An overnight S. cerevisiae WT culture in YPD (∼10⁸ cells/ml) was washed and resuspended in PBS (pH 7.4). 100 μg/ml miconazole with or without 500 μg/ml edelfosine or 20 mg/ml MβCD was added to 500 μl of the above culture. To analyze the intracellular miconazole accumulation in ipt1 deletion mutant cells, S. cerevisiae WT and ipt1 deletion mutant cells were treated with miconazole but without the addition of edelfosine. After 2.5 h of incubation at 30 °C with shaking, the supernatant of the yeast cultures was collected. The cell pellet was washed three times with PBS, followed by the addition of 300 μl of 70% acetonitrile and 30% PBS. The cells were lysed using a Phastprep reciprocal shaker (Bio 101, Inc.), and the lysate was clarified by centrifugation (5 min at 3000 rpm). The miconazole concentration in both the supernatant and cell lysates was determined using HPLC based on a miconazole standard series ranging from 10 to 100 μg/ml. The HPLC system consisted of a LaChrom® L-7100 HPLC pump, a Model L-7420 UV detector set at 260 nm, an L-7200 programmable autosampler, and a D-7000 interface (Hitachi, Tokyo, Japan). 20-μl samples were injected twice.
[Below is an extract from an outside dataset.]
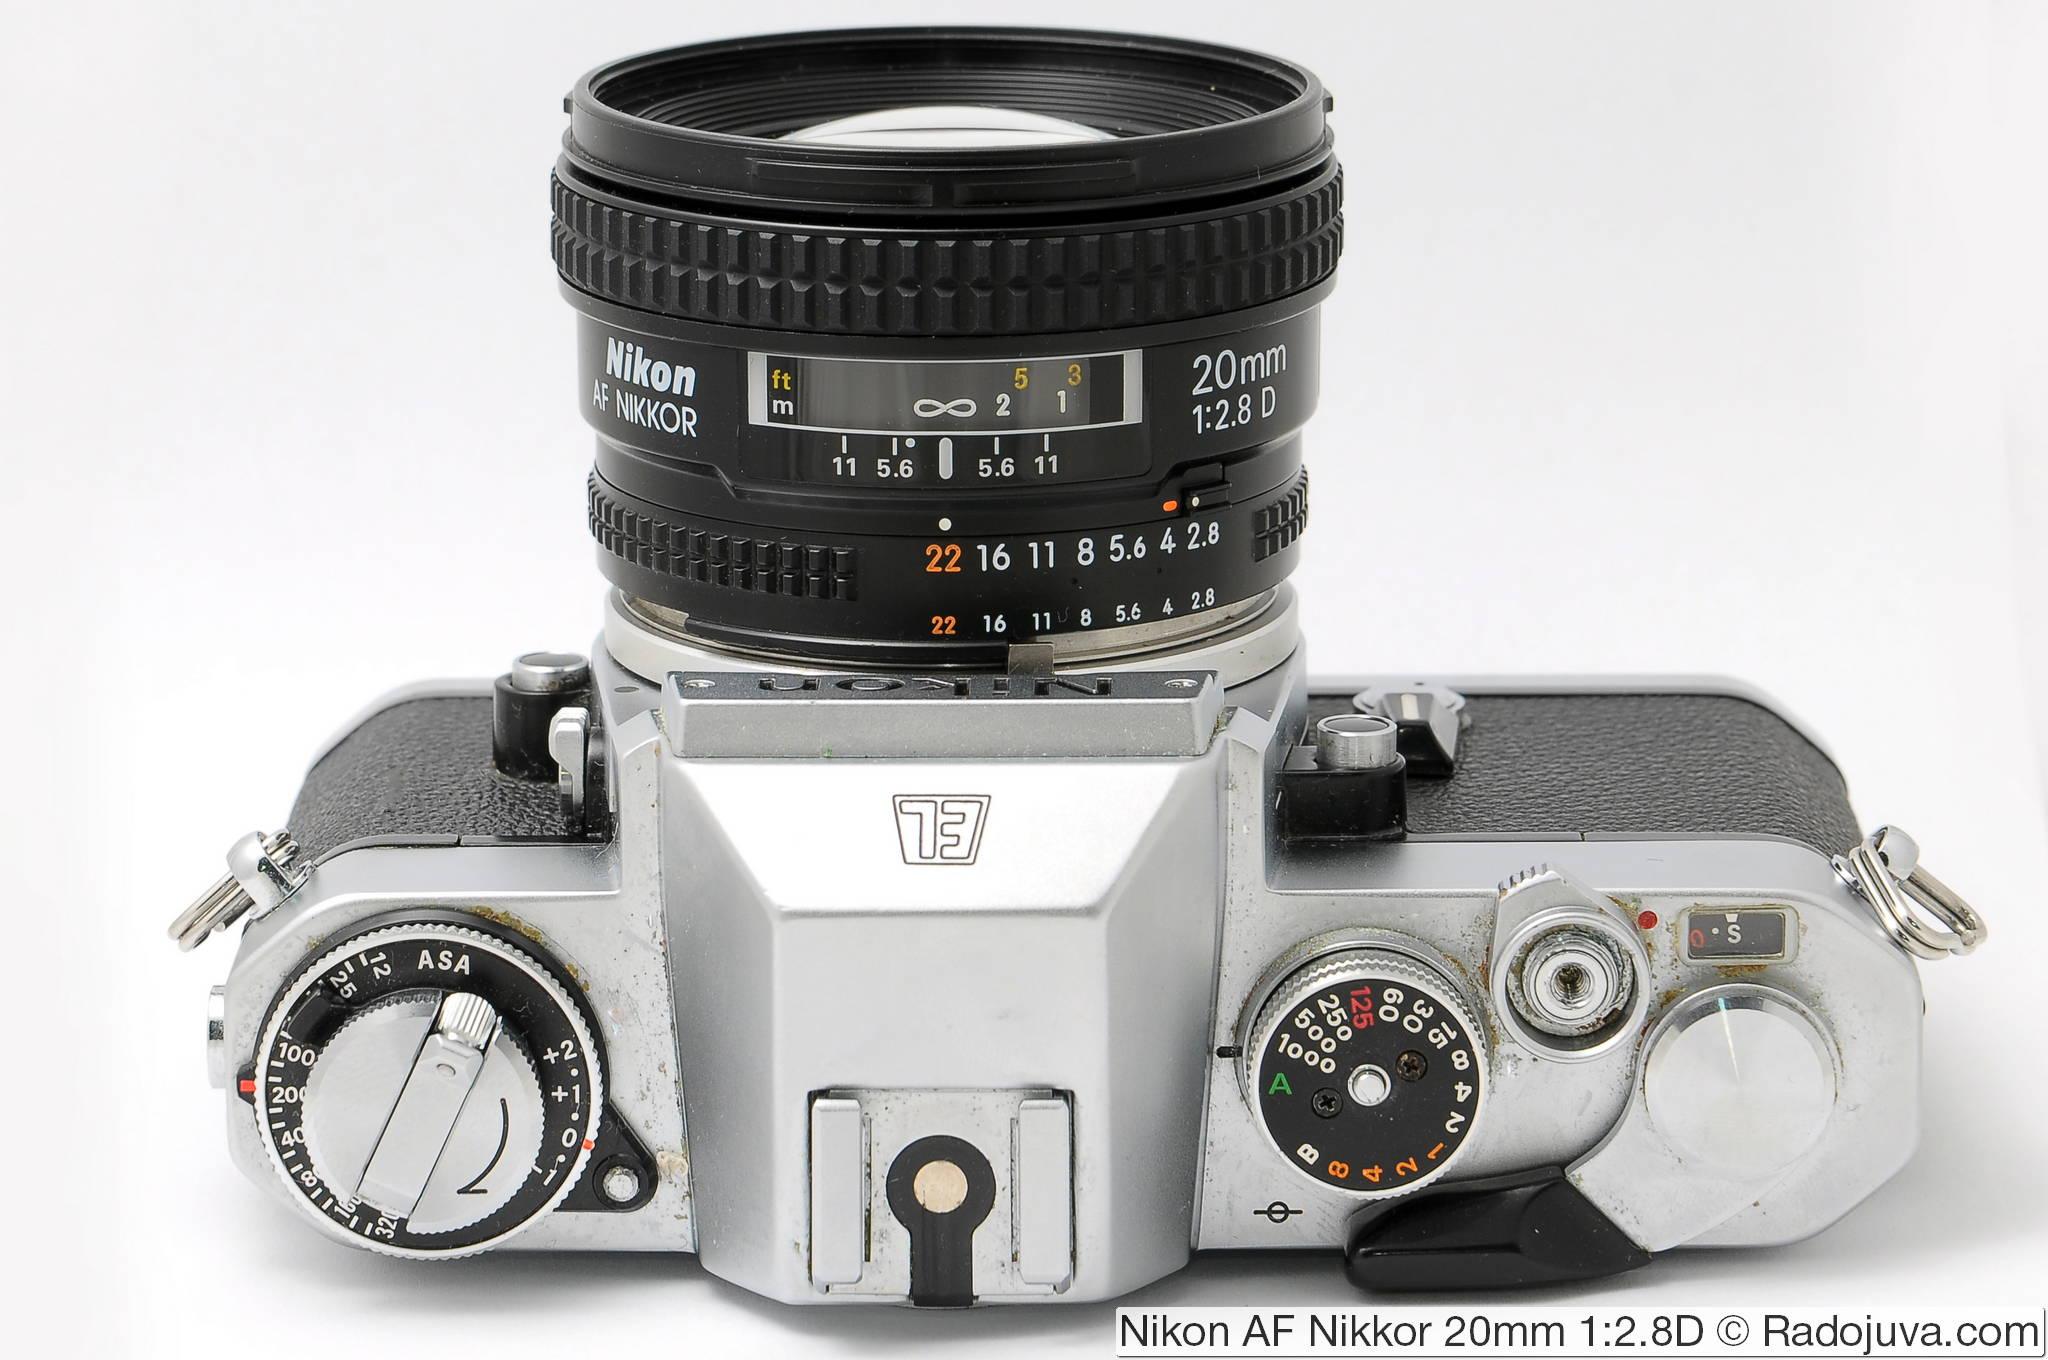 Nikon AF Nikkor 20mm 1: 2.8D on a film SLR camera

UV signals were monitored, and peaks were integrated using the D-7000 HSM software (Hitachi). The separation of miconazole was performed on a SunFire C18 3.5-μm column (4.6 × 100 mm; Waters) equilibrated with 70:30 (v/v) acetonitrile/water. The column was eluted in an isocratic way at 1.0 ml/min. Experiments were repeated at least three times, and data are means of duplicate measurements.

Statistical Analysis

Statistical analysis was performed using the unpaired t test.

RESULTS

Identification of Miconazole-resistant Yeast Deletion Mutants

To obtain more mechanistic insight in the antifungal mode of action of miconazole, we started our study by screening a S. cerevisiae deletion mutant library for resistance to miconazole by replica plating on miconazole-containing YPD-agar plates. This deletion mutant library consists of single-gene knock-outs in the S. cerevisiae BY4741 parental strain (WT) and covers all 4835 open reading frames encoding nonessential proteins.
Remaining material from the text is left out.